Self-Supervised Learning on Giant Database

jfang · April 7, 2020, 5:39pm

Hi everyone,

I was lucky enough to start a wonderful internship from learning Fastai! Now, I have a few questions on how I should proceed. I was lucky enough to get access to a giant unlabelled cancer histopathology database, but I can feel slightly overwhelmed as I don’t know what is the best way to proceed.

Now, access to a massive database offers new opportunities but new challenges as well. My first problem is about preprocessing the data. Is it possible to download data (i.e. TCGA) and perform preprocessing at the same time (tiling and removing tiles with too many white spaces), so that I do not overwhelm the hard disk?

My second problem is regarding the self-supervised learning itself.
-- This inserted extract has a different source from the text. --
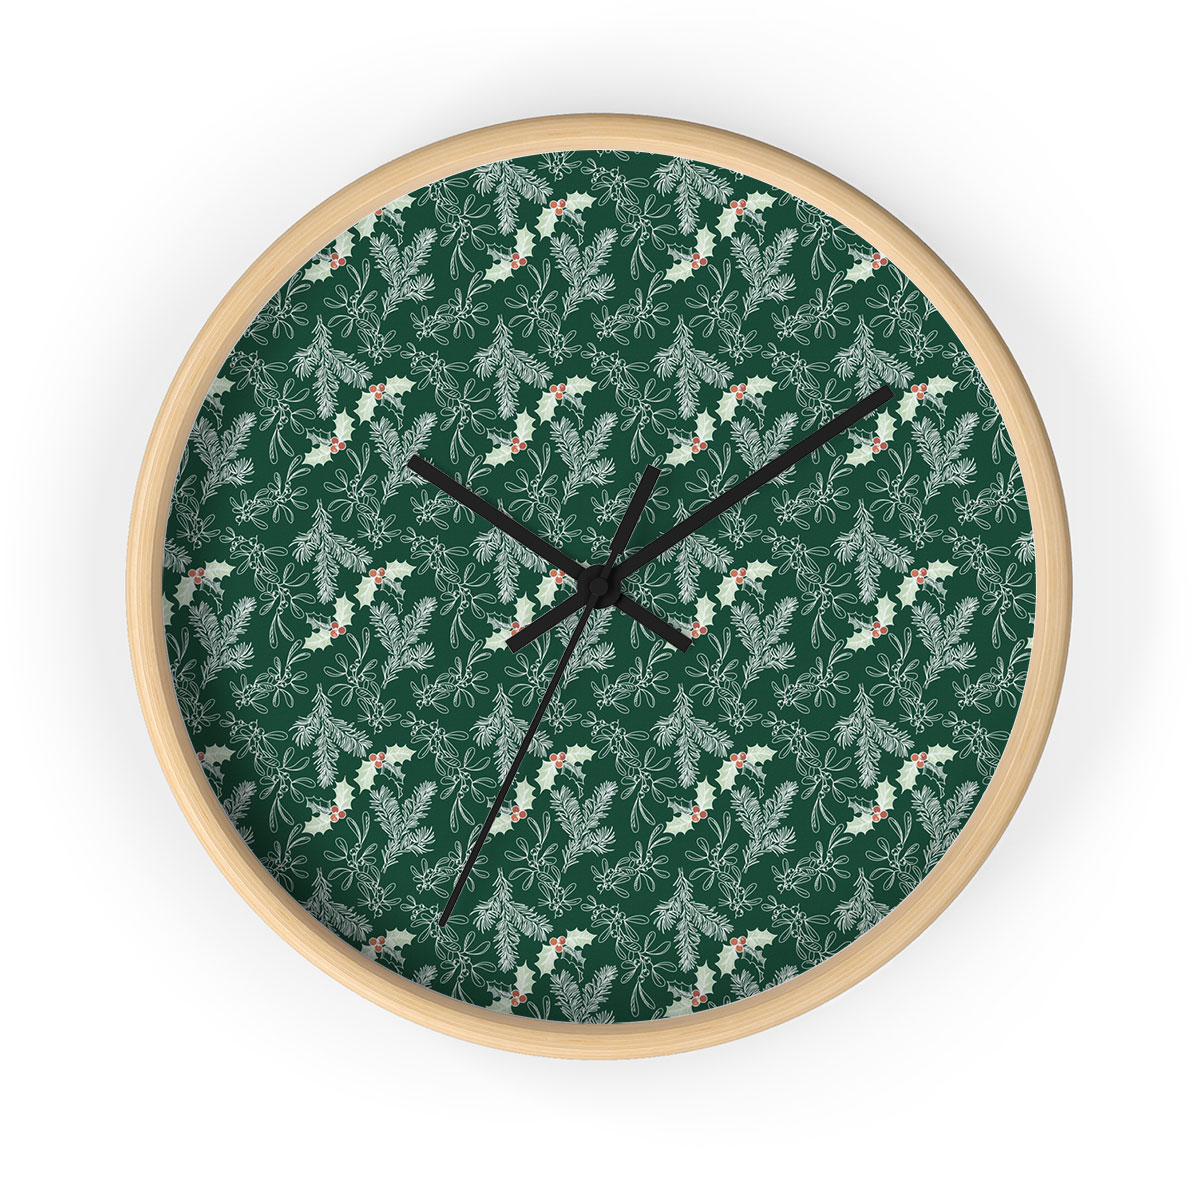 Holly Leaf, Christmas Mistletoe And Pine Tree Branche Printed Wooden Wall Clock

I am going to follow the Caron et al. 2018 paper on deep clustering (https://arxiv.org/abs/1807.05520), with a modified clustering step using the Robust Continuous Clustering (https://www.pnas.org/content/114/37/9814). The logic of this self-supervised learning is to extract the second last layer of the neural network (the FC layer) for all examples, then cluster the output from all examples, then using the clusters as pseudo-labels for data. The model is trained for an epoch on the new pseudo-labels, then the extract and cluster process cycles all over again.
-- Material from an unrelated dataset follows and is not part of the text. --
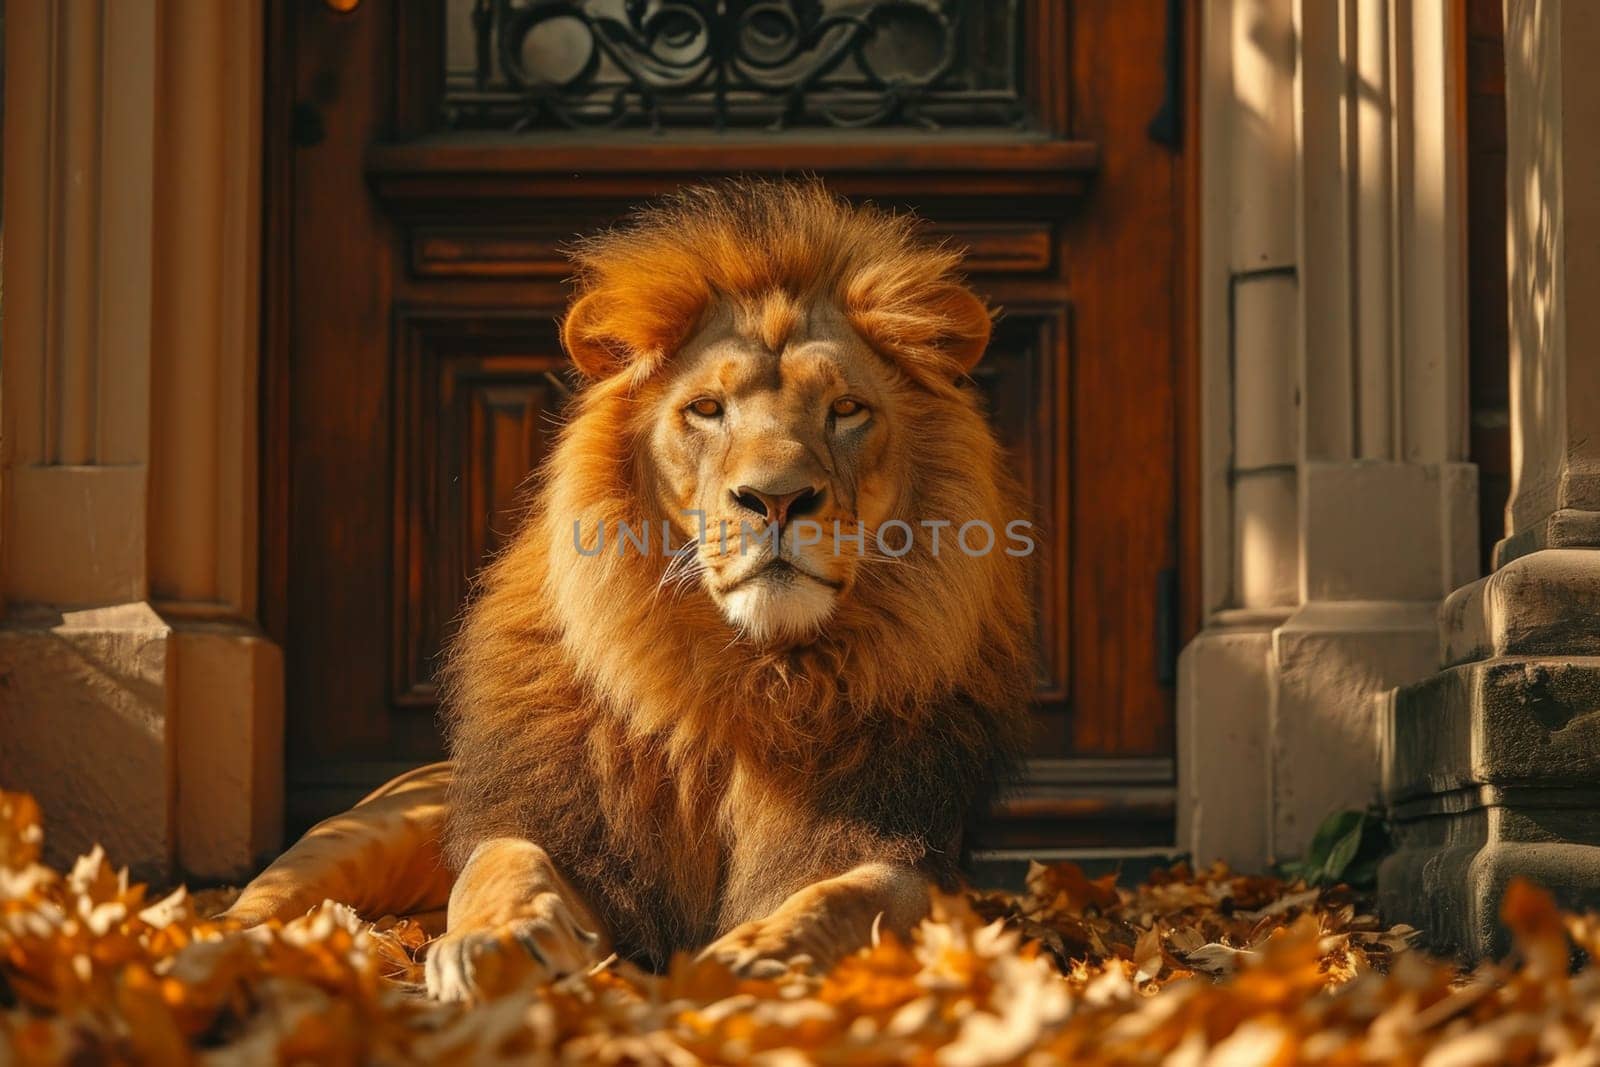 A big lion is sitting guarding the front door of the house.

Unfortunately, I don’t have a clear picture of what it may look like on code. It seems something like this:

for i in range(#epochs):
     Extract activations
     Cluster the outputs
     Assign Psuedo-labels
     Reassign labels

What I want isn’t just any solution, but an efficient solution given the sheer volume of images (on the scale of 20-30 million 224x224 images). This leads to two more questions:

What is the best way to reassign labels? Change the Label_from_df?
What is the most efficient way to clip the output neurons and add a new layer of neurons, and reassigning the y-label of a dataset? Reinitializing another Learner every epoch will not be very efficient!
Lastly, this will be a question regarding how outputs are displayed. Suppose between the next cluster and the first cluster I want to get the normalized mutual information (NMI) between cluster n and cluster n-1, alongside a loss chart (which I would probably care less compared to NMI telling me when to stop training).